AVON, Colo. – The effort to unionize ski instructors at Beaver Creek has taken an important step forward, the Vail Daily reports. The Communication Workers of America has filed a petition with the National Labor Relations Board to hold a representation election. If more than 30 percent of eligible instructors sign the petition, an election can be held.

The Vail Daily reports an email from organizers citing complaints about “ever-shifting work rules and lack of transparency on issues — including wages, work assignments, workman’s comp, training remuneration and access to child care” making it challenging for Beaver Creek’s instructors to provide the highest level of service to Beaver Creek visitors.

The head of Beaver Creek’s ski school disagrees, saying that “we don’t believe a union supports the values that this team exudes.”

Why pikas can hang on for a while longer

BANFF, Alberta – Might the future among the high mountains of Alberta be just a little less precarious for those noisy little rodents called picas? That’s the latest evidence, according to speakers at a recent program in the Bow Valley covered by the Rocky Mountain Outlook.

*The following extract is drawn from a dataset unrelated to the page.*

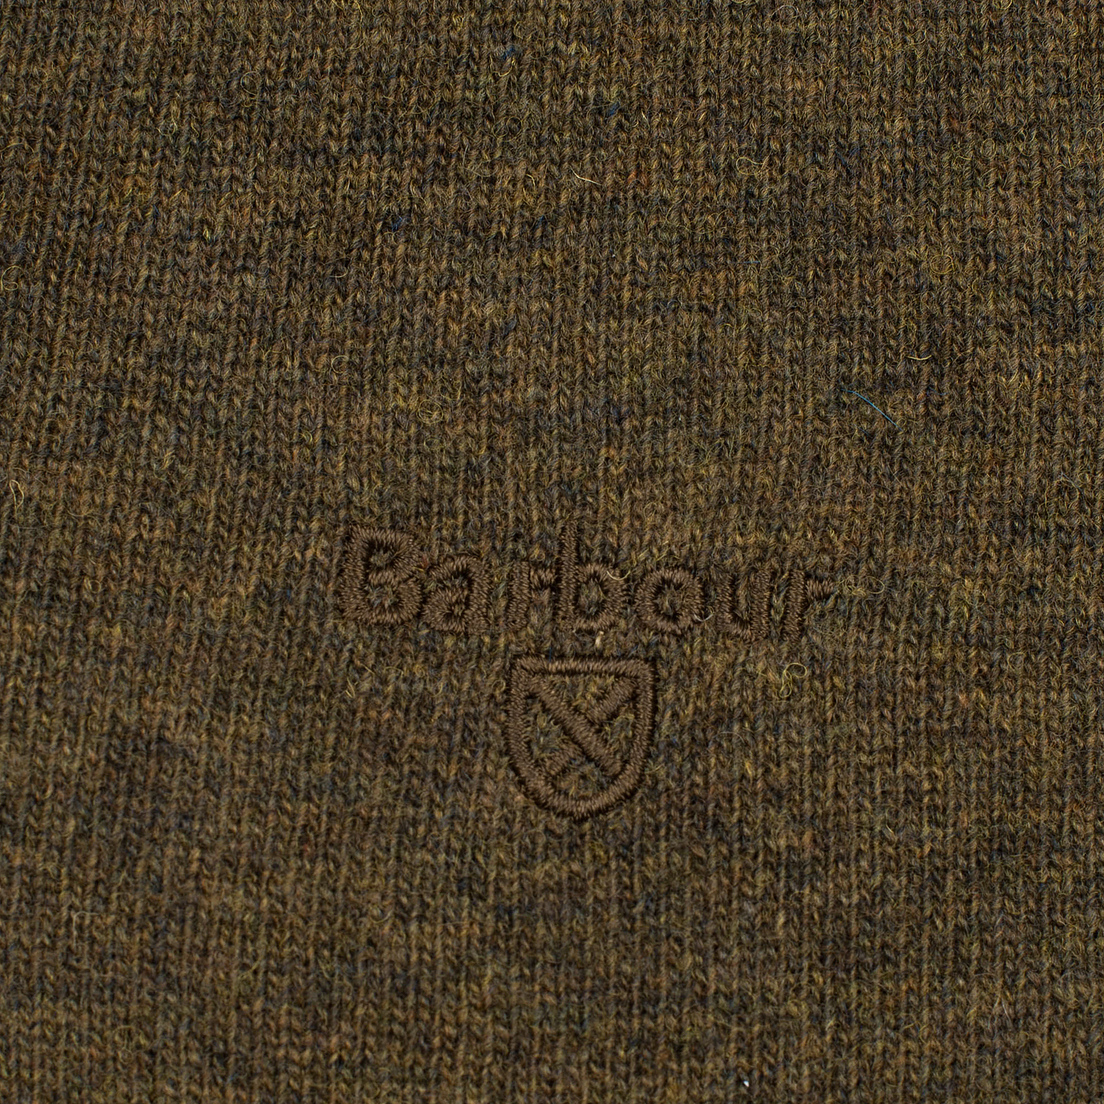 Barbour Мужской свитер Essential Lambswool V-Neck

Wildlife biologist Chris Shank said pikas are vulnerable, but climate change seems unlikely to place them at risk of extirpation in Alberta by the end of the 21st century. But then again, if we can’t figure out how to curtail planetary emissions of greenhouse gases, the pikas might have a sorry story ahead.

In the United States, some research has indicated the pika is suffering because global warming has brought higher temperatures to their western mountain homes. Pikas have already disappeared from more than one-third of their previously known habitat in Oregon and Nevada.

A different view came from David Hik, a biologist in the department of biological sciences at the University of Alberta. He said emerging research shows pikas seem adaptable to different elevations, diets and environmental conditions.

“My feeling is they are pretty resilient and, within the range of variation we expect in the next century, they’ll probably be fine and be able to move upslope,” said Hik.

“They can actually cope with pretty wide ranging conditions and variability. They’ve been around for a long time, through multiple glacial cycles, and yet are fairly widely distributed.”

Hik said temperature is a good index to measure future vulnerability of pikas in the long-term, but said what seems to cause declines in populations in the short-term is the absence of winter snow, compounded by increasing rain-on-snow events.

Pot outsells hootch in Aspen some months

ASPEN, Colo. – You think cannabis isn’t a big thing in Aspen? Consider this. Last year, according to city records, the seven stores that sold marijuana for either medical or recreational purposes racked up $8.3 million in sales.

For three months of the year — March, July and December — cannabis revenues were greater than for beer and liquor stores. However, that excludes liquor sales at bars and restaurants. By the same measure, cannabis sales lagged that of beer and liquor for the year, but not by much, reports The Aspen Times, after studying figures released by city officials.

For the city, sales produced $200,000 in tax revenues last year.

This compares with $135 million in tax revenues and fees across Colorado levied against $1 billion in sales.

But what can be said about the effect of marijuana legalization on Aspen? The Times talked with Bill Linn, the city’s assistant police chief. If anything, he said, legalization has lightened the load of police officers, who no longer feel compelled to seize the substance and then complete the paperwork.

Too, as compared to alcohol, it has a milder impact on civic order. “Marijuana doesn’t exactly whip people into a frenzy to act out or go to a bar and pick a fight,” he said.

However, the jury is still out, at least in the mind of police. “I think 10 years is a good time to look back and make that determination,” Linn said. “Now, it’s working out fine.”